Apparently Eric Pickles had Nadine Dorries' bushtucker number on speed dial. I can imagine Downing Streets phone bill will be pushing up the deficit for the next 3 weeks .

I enjoyed tonights episode it was nice that it wasn't just a skydiving entrance like they normally do. My favourite so far is Colin Baker but it is still early days


----------



## Staysee (Oct 19, 2009)

How shocking was helen telling charlie to shut up with the retching, honestly, would love to see her empty the dunny without complaining.

So she can cry and be a diva, but when charlie empties a stewing toilet, she cannt fee sick at the smell and sight of it?

I once emptied a loo from our caravan, was just wee but the smell made me feel sick, specially where you emptied it too which was already full of wee, wow...that stench hit you!
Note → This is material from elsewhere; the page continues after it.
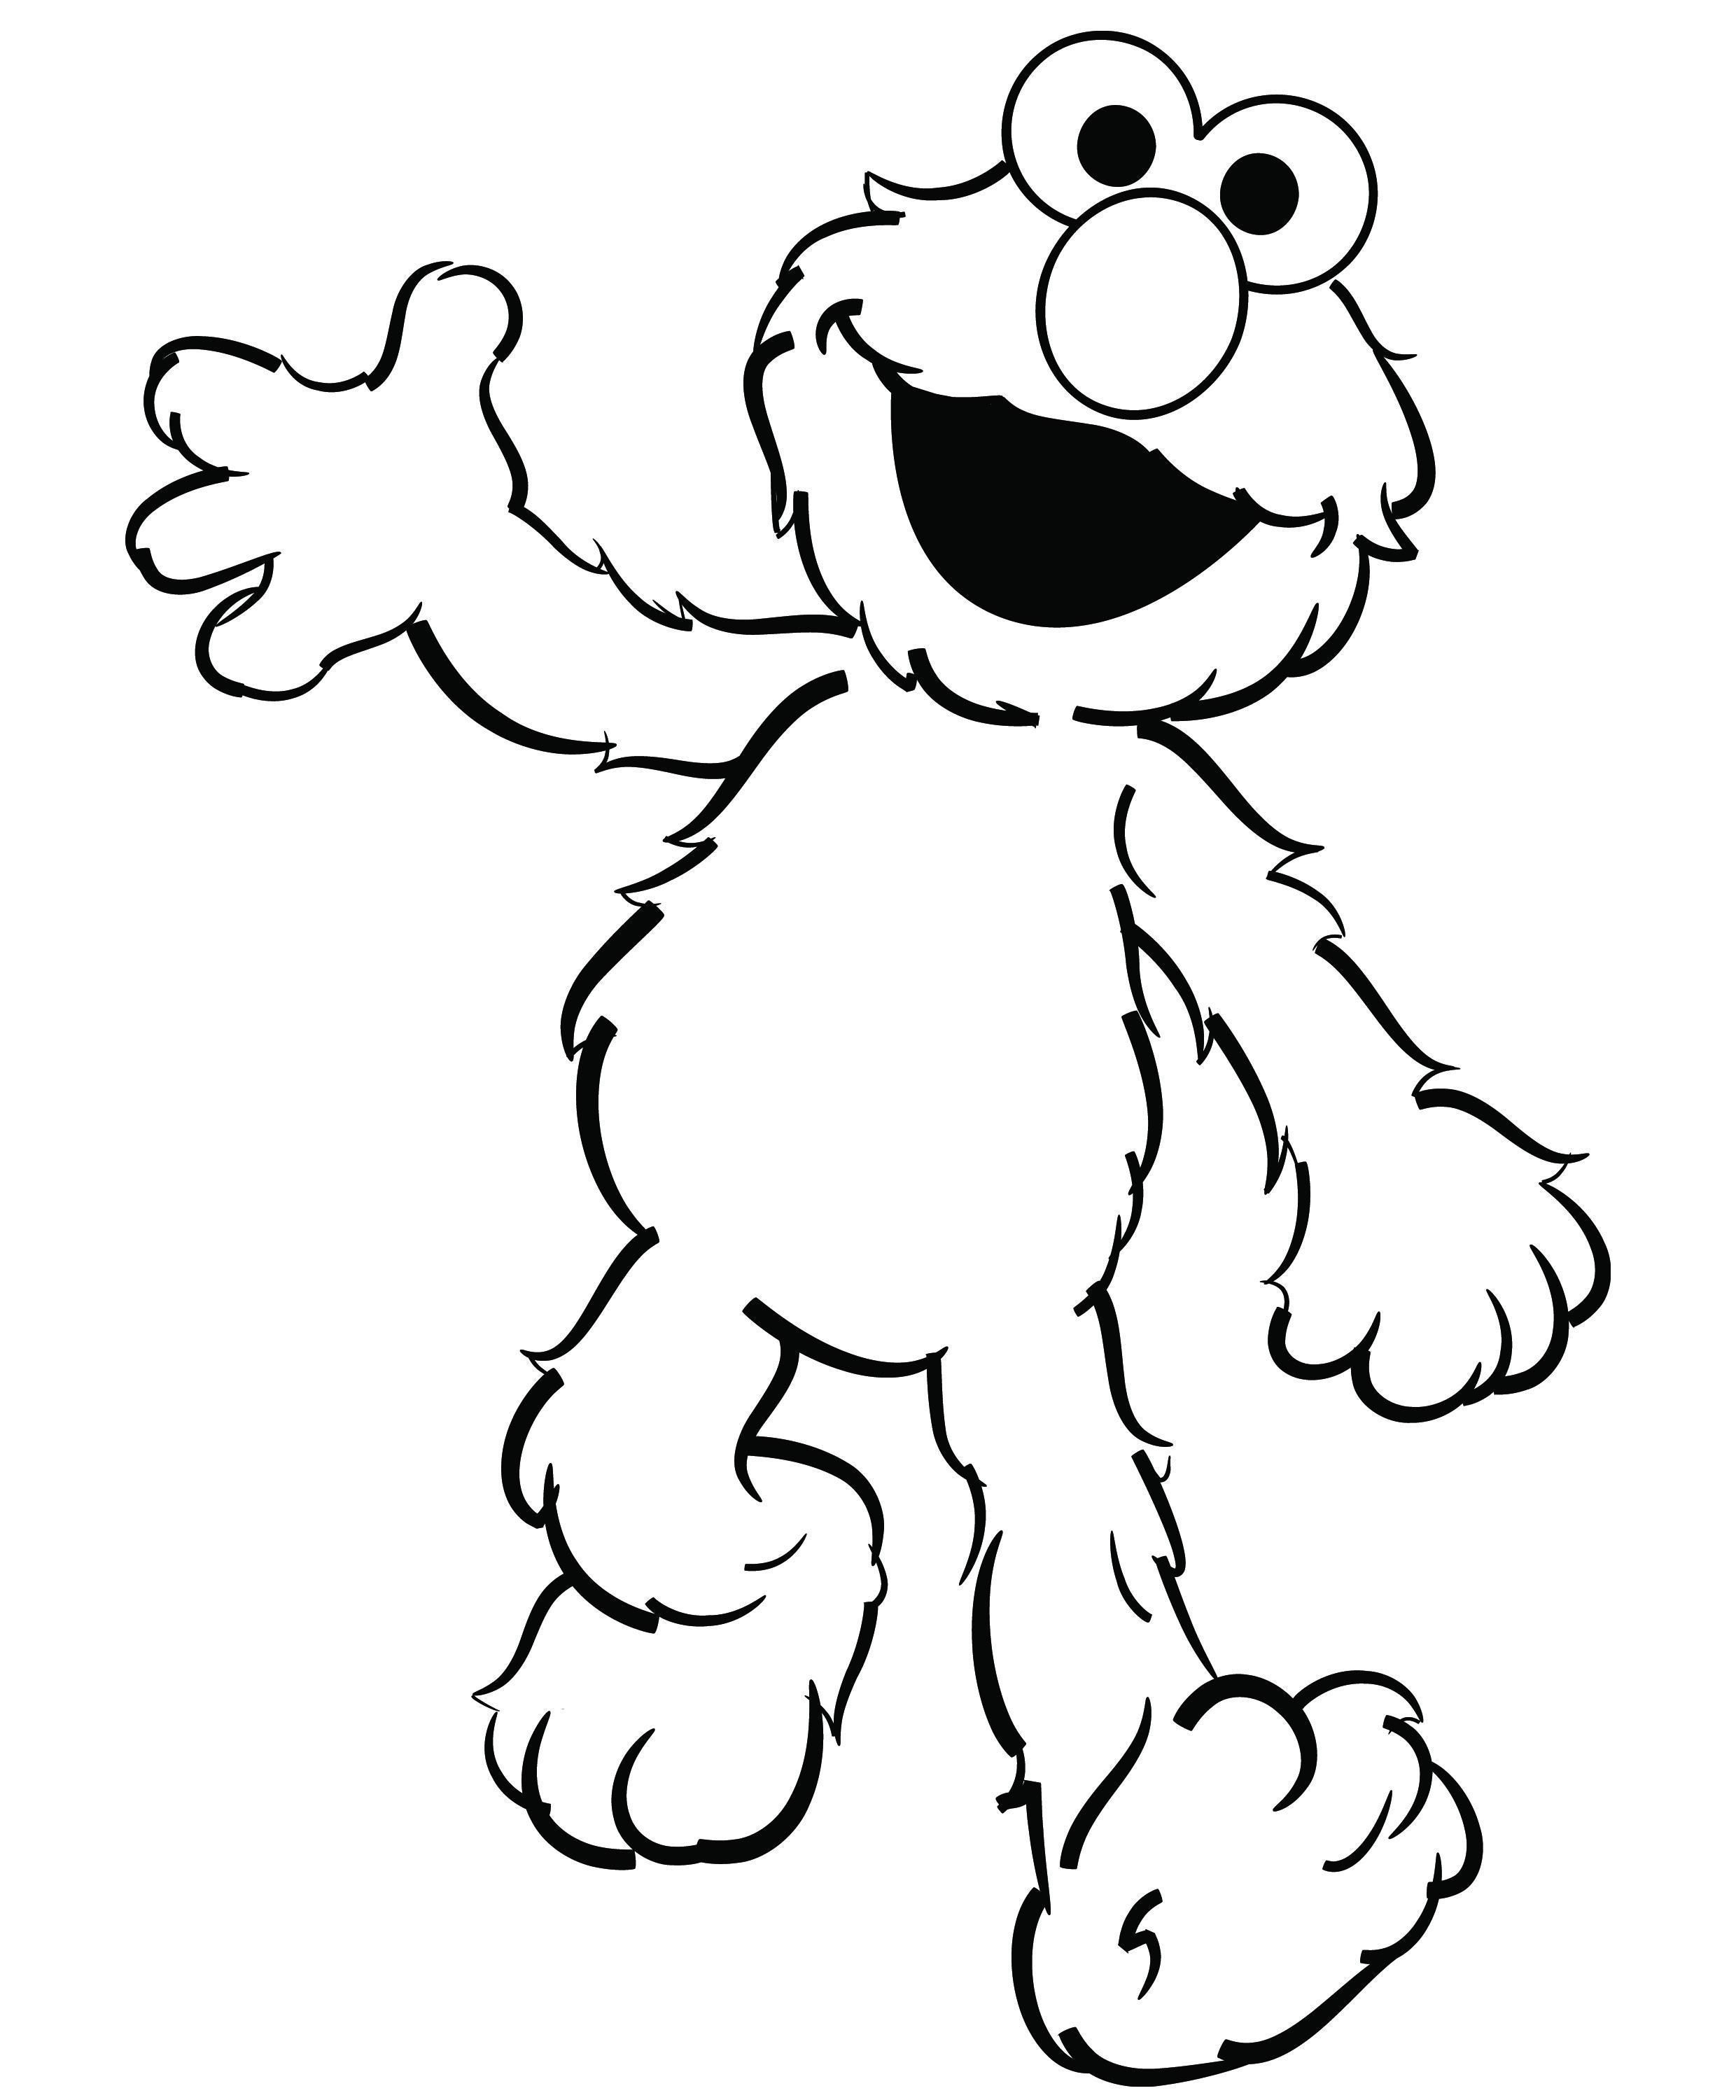 Cookie Monster And Elmo Coloring Pages at GetDrawings | Free download

As for the bridge, i would of fallen off for laughing at myself!


----------



## Guest (Nov 12, 2012)

I cannot comprehend how ANYONE would watch ghastly shallow humans wallow in mind numbingly puerile and vile behaviour. I've never watched any of that drivel, (happily, the big publicity meant I didn't waste even part of my life realising what it was like). Is there not a documentary/wittily written drama/comedy on any channel?


----------



## chichi (Apr 22, 2012)

I think Helen is actually Rosie Webster in real life 

Although a pain....she is very much like my DD (ditsy as they come and very Princess-like) so I kind of warmed to her....I imagine she will have driven them all nuts after a week or so though


----------



## Happy Paws2 (Sep 13, 2008)

Bjt said:


> Wont be watching,* Ant and Dic drive me mad *and i am far too squeamish for the rest.
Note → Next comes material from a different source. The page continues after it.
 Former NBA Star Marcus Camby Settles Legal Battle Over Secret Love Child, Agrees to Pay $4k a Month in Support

and me, I just don't understand how they ever made on TV ::crazy:


----------



## suzy93074 (Sep 3, 2008)

I will be watching !! :dita: It might be a load of drivel but its better than some of the boring depressing crap thats on telly at the mo - makes me giggle for an hour so thats all good!:ihih: - HUGO from Made in Chelsea made me crack up when he started crying !!! PMSL he is soooo pampered I doubt he will make it a week  lets see  :devil:


----------



## kathateria (Nov 11, 2012)

i love it.any one know who else they will bring in?


----------



## Guest (Nov 12, 2012)

kathateria said:


> i love it.any one know who else they will bring in?
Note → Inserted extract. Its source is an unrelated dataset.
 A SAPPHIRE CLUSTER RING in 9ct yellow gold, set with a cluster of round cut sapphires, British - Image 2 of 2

rumours doing the rounds are grace jones , dwayne johnson (the rock) , rosemary shrager and a 70's pop star yet to be named so who knows lol
will be hilarious if they send grace jones in , she takes no prisoners , she's great


----------



## suzy93074 (Sep 3, 2008)

diablo said:


> rumours doing the rounds are grace jones , dwayne johnson (the rock) , rosemary shrager and a 70's pop star yet to be named so who knows lol
> will be hilarious if they send grace jones in , she takes no prisoners , she's great


OMG that would be sooooooo good!!! she would certainly stir things up!!!:ihih::devil::devil:


----------



## Mese (Jun 5, 2008)

70's pop star ... oh please let it be David Essex


----------



## Guest (Nov 12, 2012)

suzy93074 said:


> OMG that would be sooooooo good!!! she would certainly stir things up!!!:ihih::devil::devil:


wouldn't she just  probs end up slapping a few too


----------



## welshjet (Mar 31, 2011)

Oh yes, i'll be watching, 

But need to catch up on last night's first !!!!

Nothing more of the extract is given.